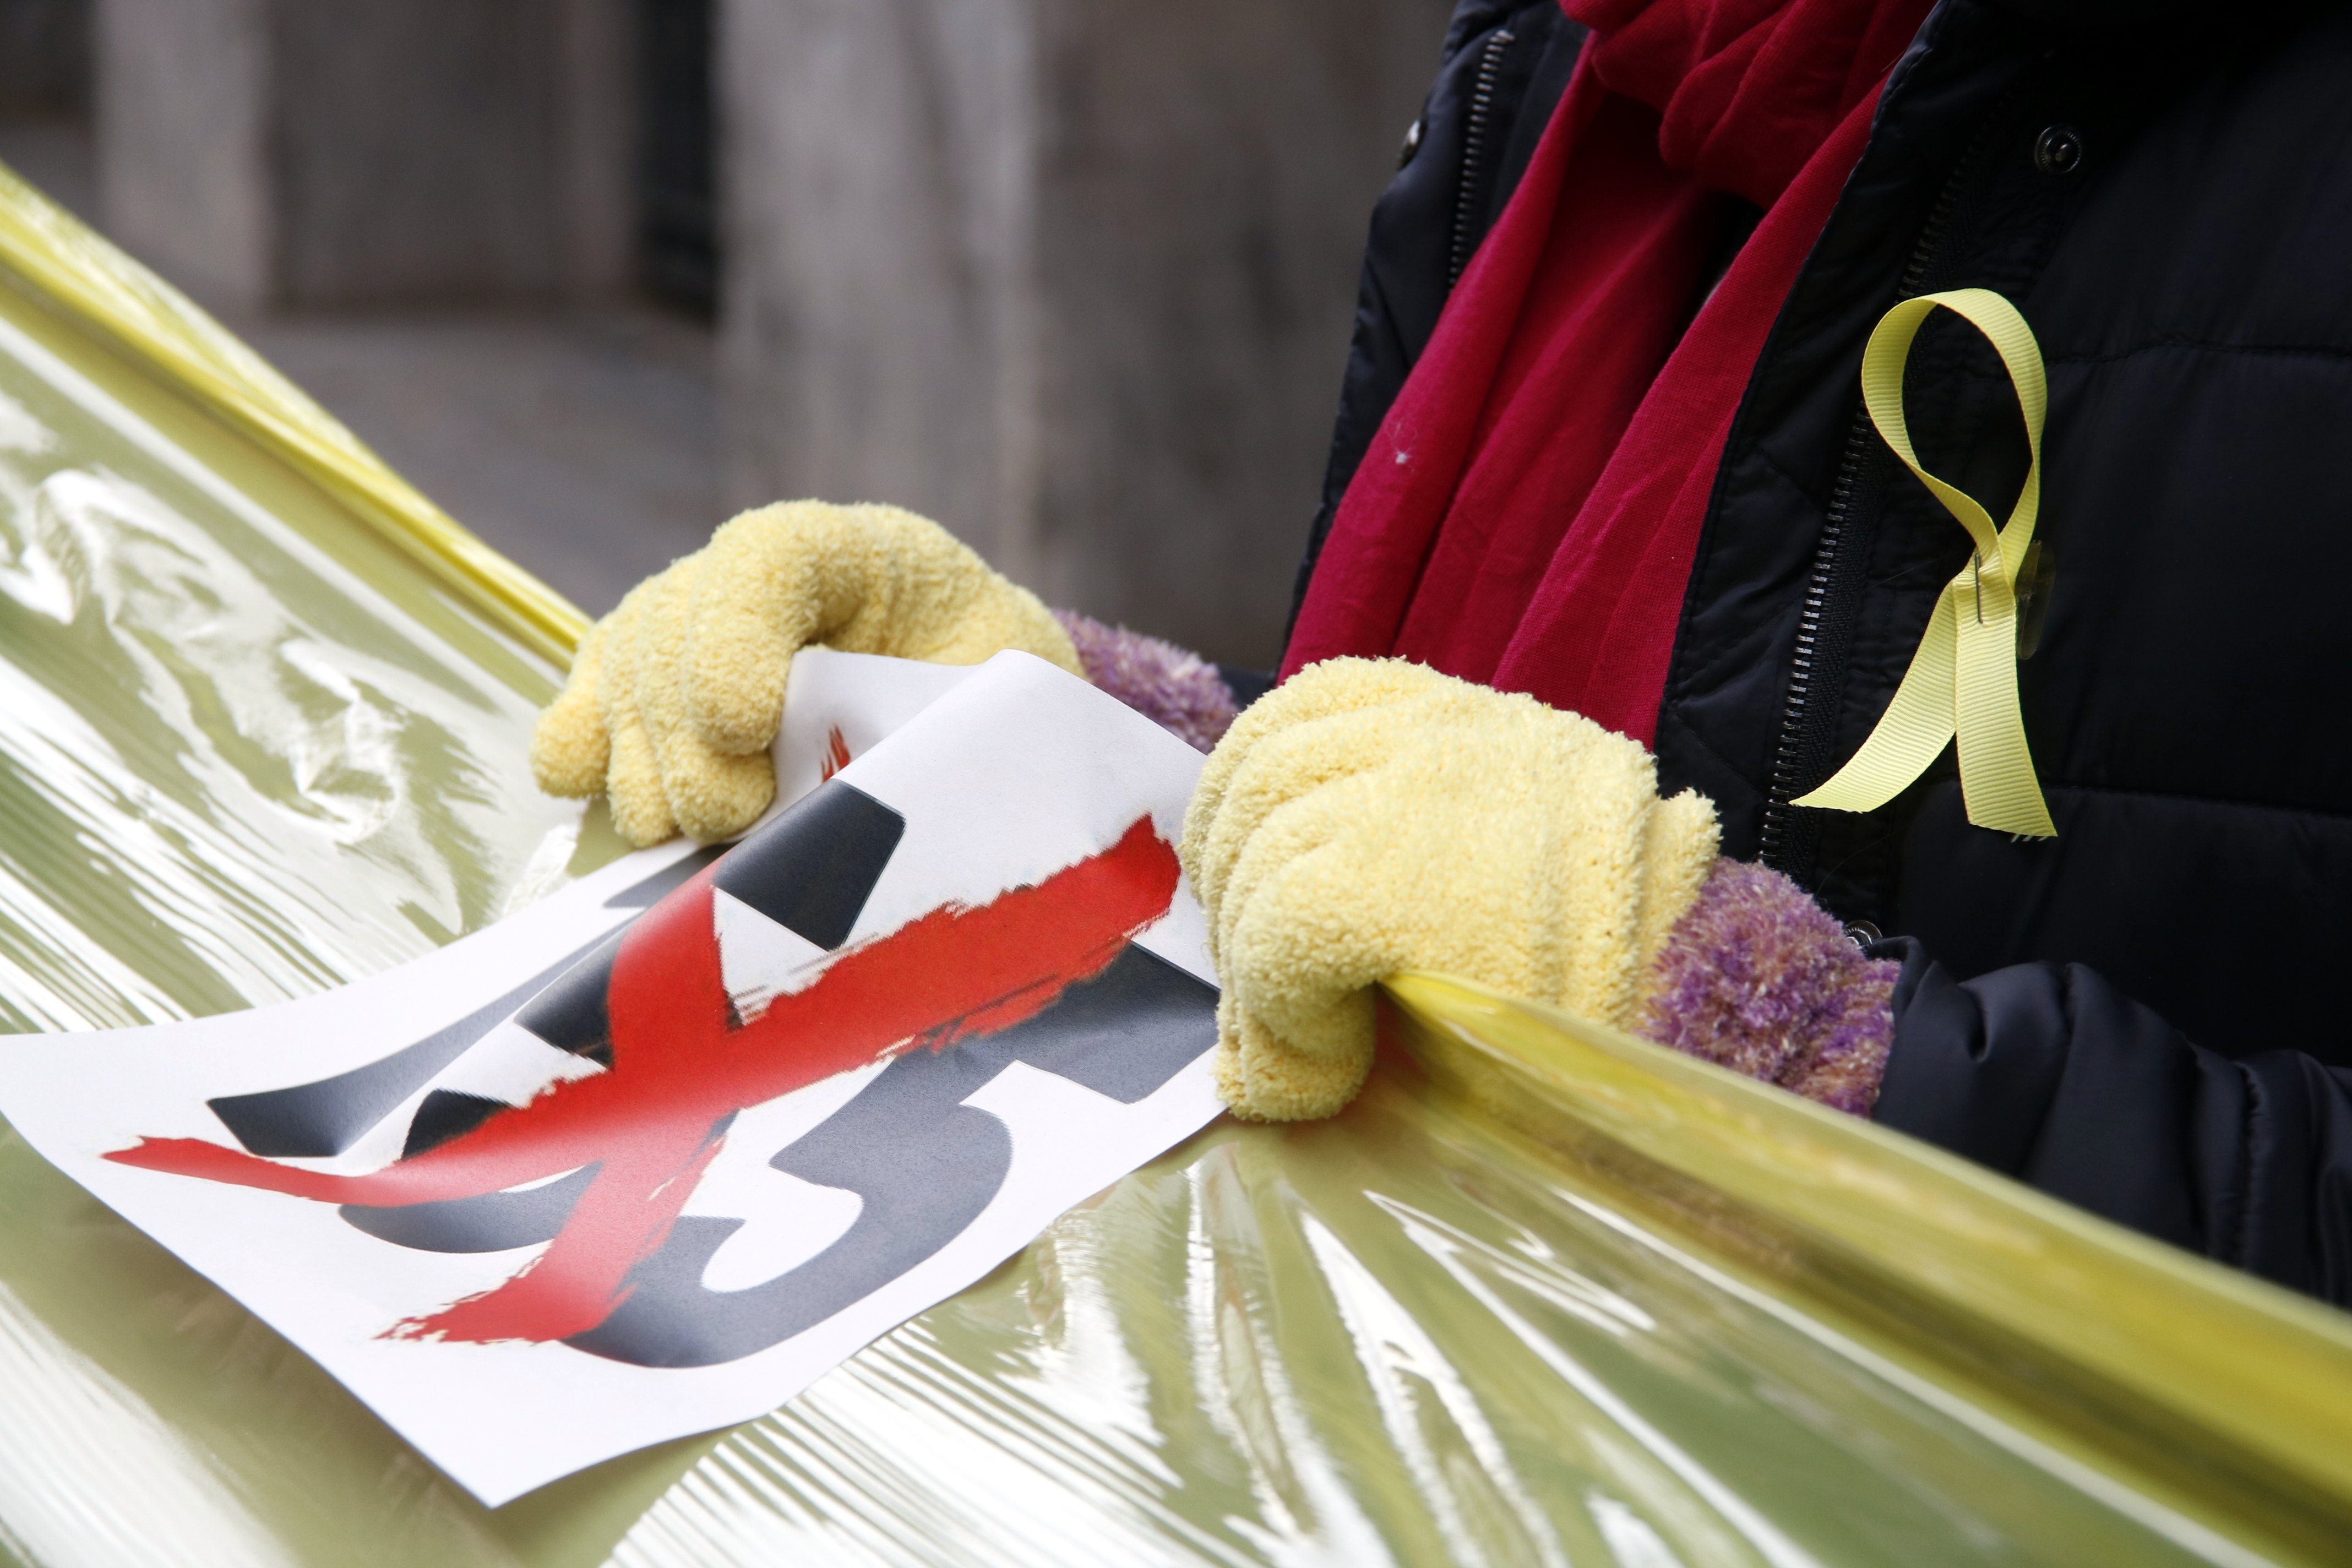 Un ajuntament obliga a demanar permís per penjar llaços grocs i banderes espanyoles
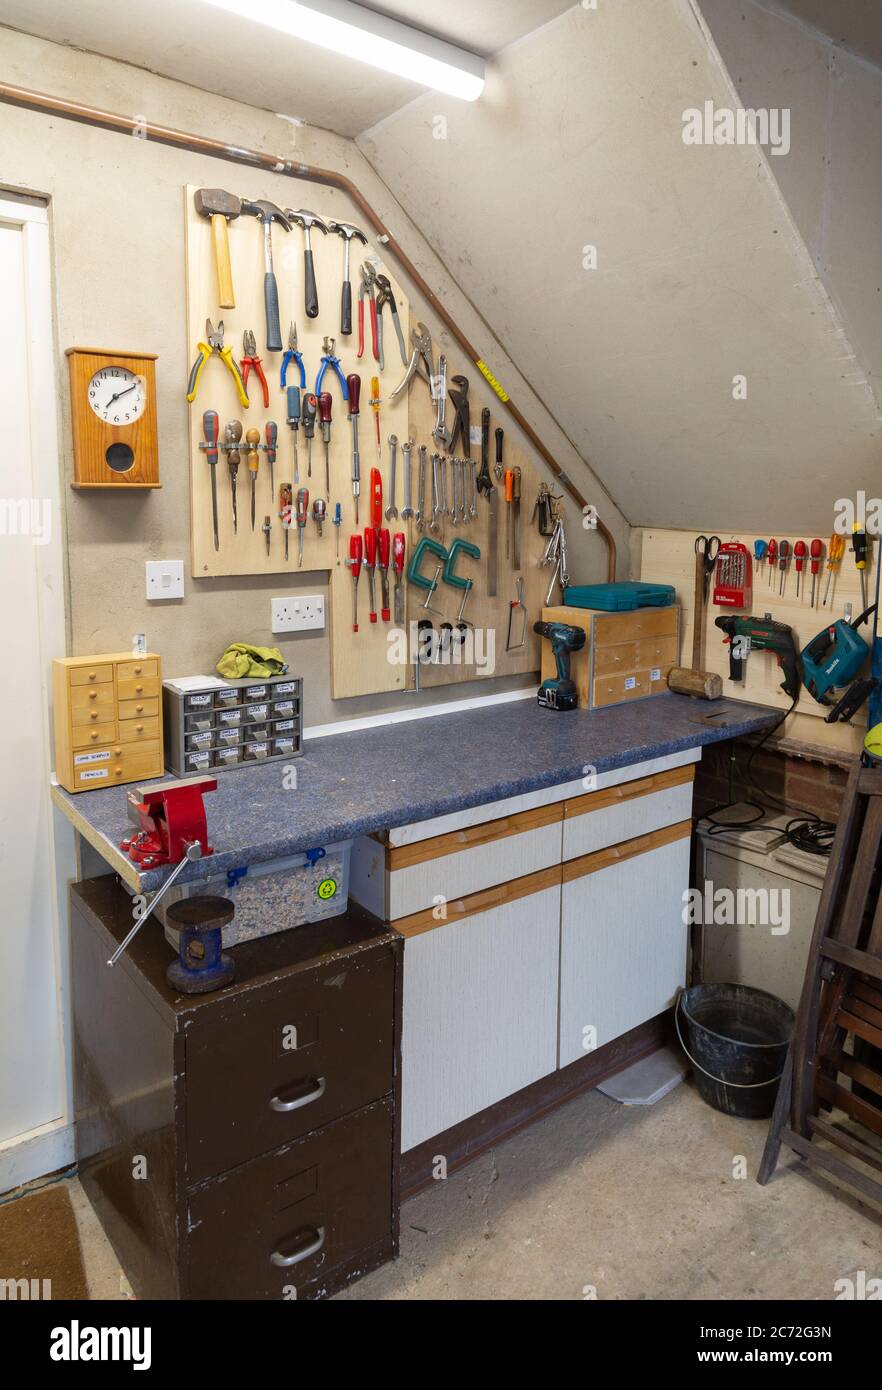 Atelier de bricolage et outils d'intérieur construits dans un garage domestique pendant le verrouillage - exemple d'activité de verrouillage; Suffolk Angleterre Royaume-Uni Banque D'Images
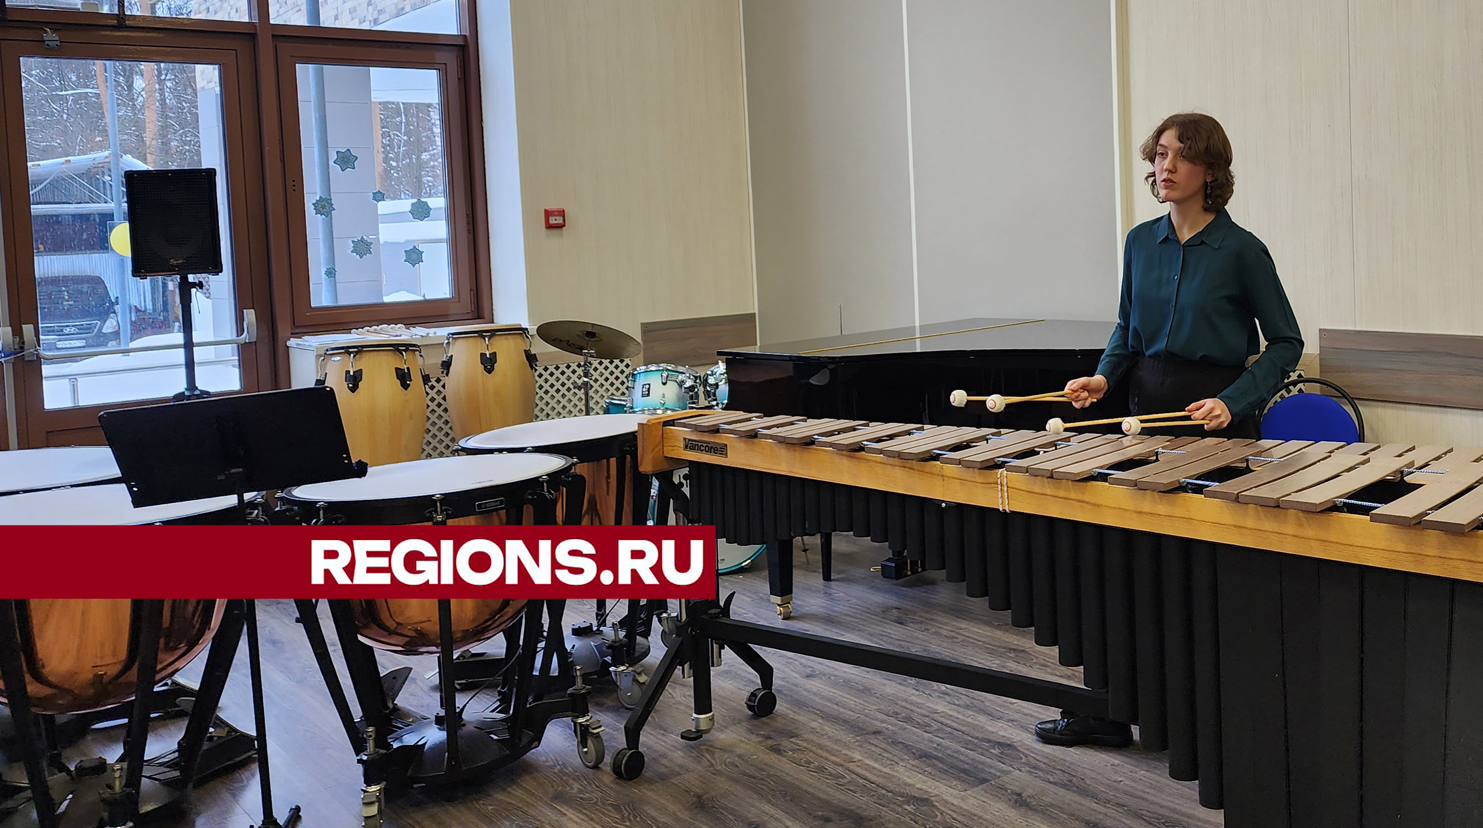 Студенты из Пушкино подняли уровень игры на маримбе благодаря советам легендарного музыканта
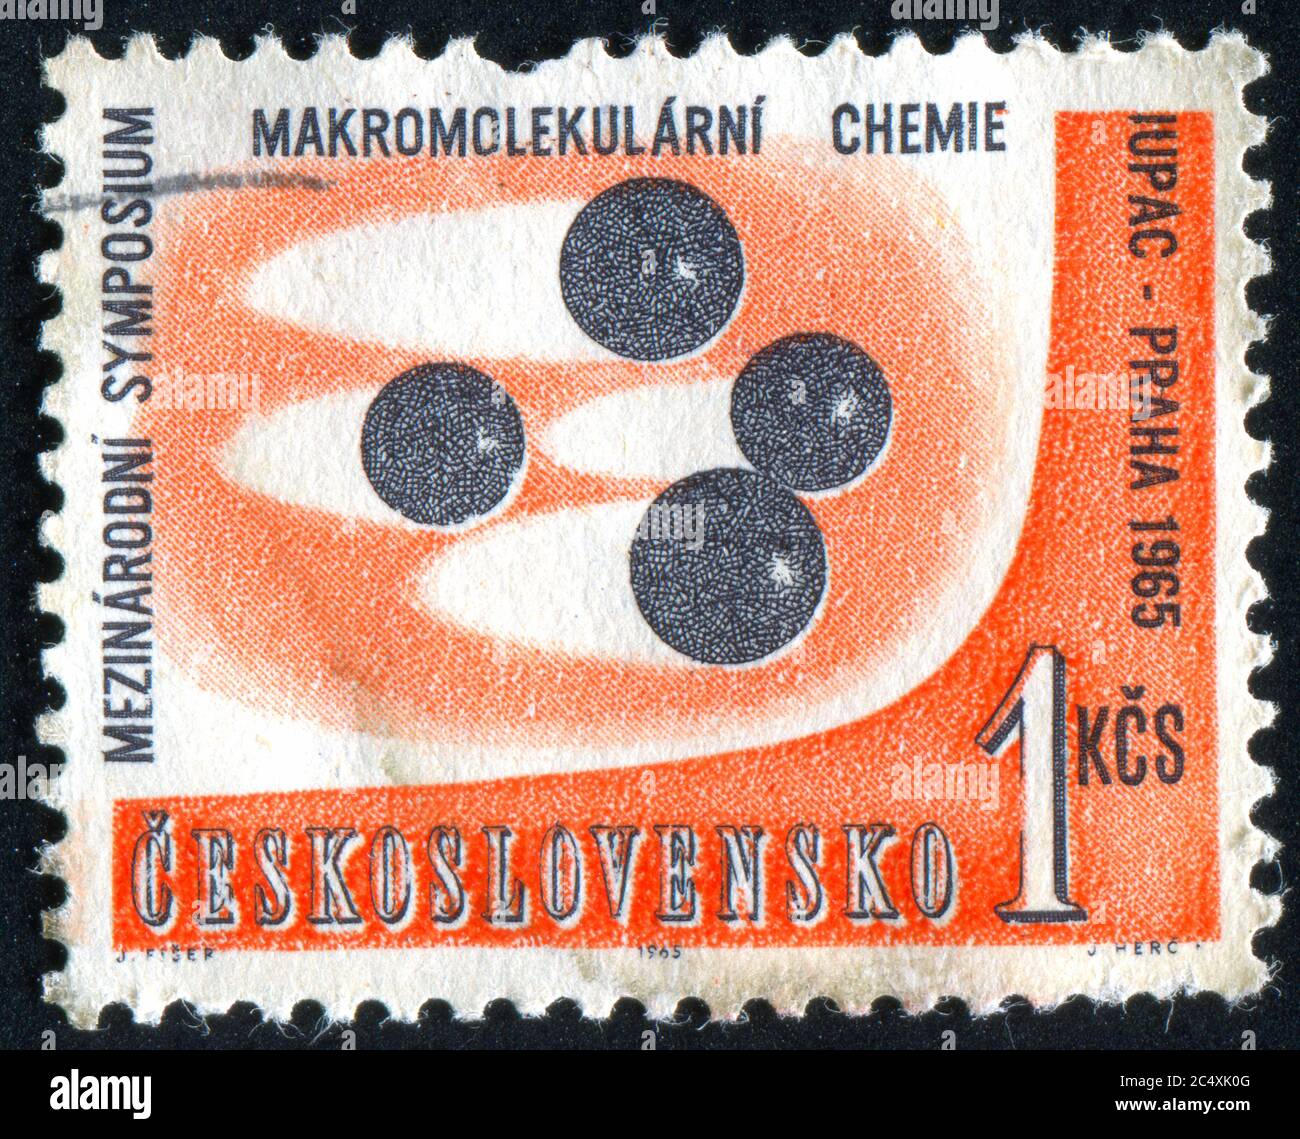 CECOSLOVACCHIA - CIRCA 1965: Stampato dalla Cecoslovacchia, mostra macromolecolare Simposio Emblem, circa 1965 Foto Stock

(Action item):
Only the lines from the one containing "Студенты из Пушкино" through the end of the listing above should be reproduced, exactly as they stand. Leave the pictures out.

(Worked solution):
 Студенты из Пушкино подняли уровень игры на маримбе благодаря советам легендарного музыканта
 CECOSLOVACCHIA - CIRCA 1965: Stampato dalla Cecoslovacchia, mostra macromolecolare Simposio Emblem, circa 1965 Foto Stock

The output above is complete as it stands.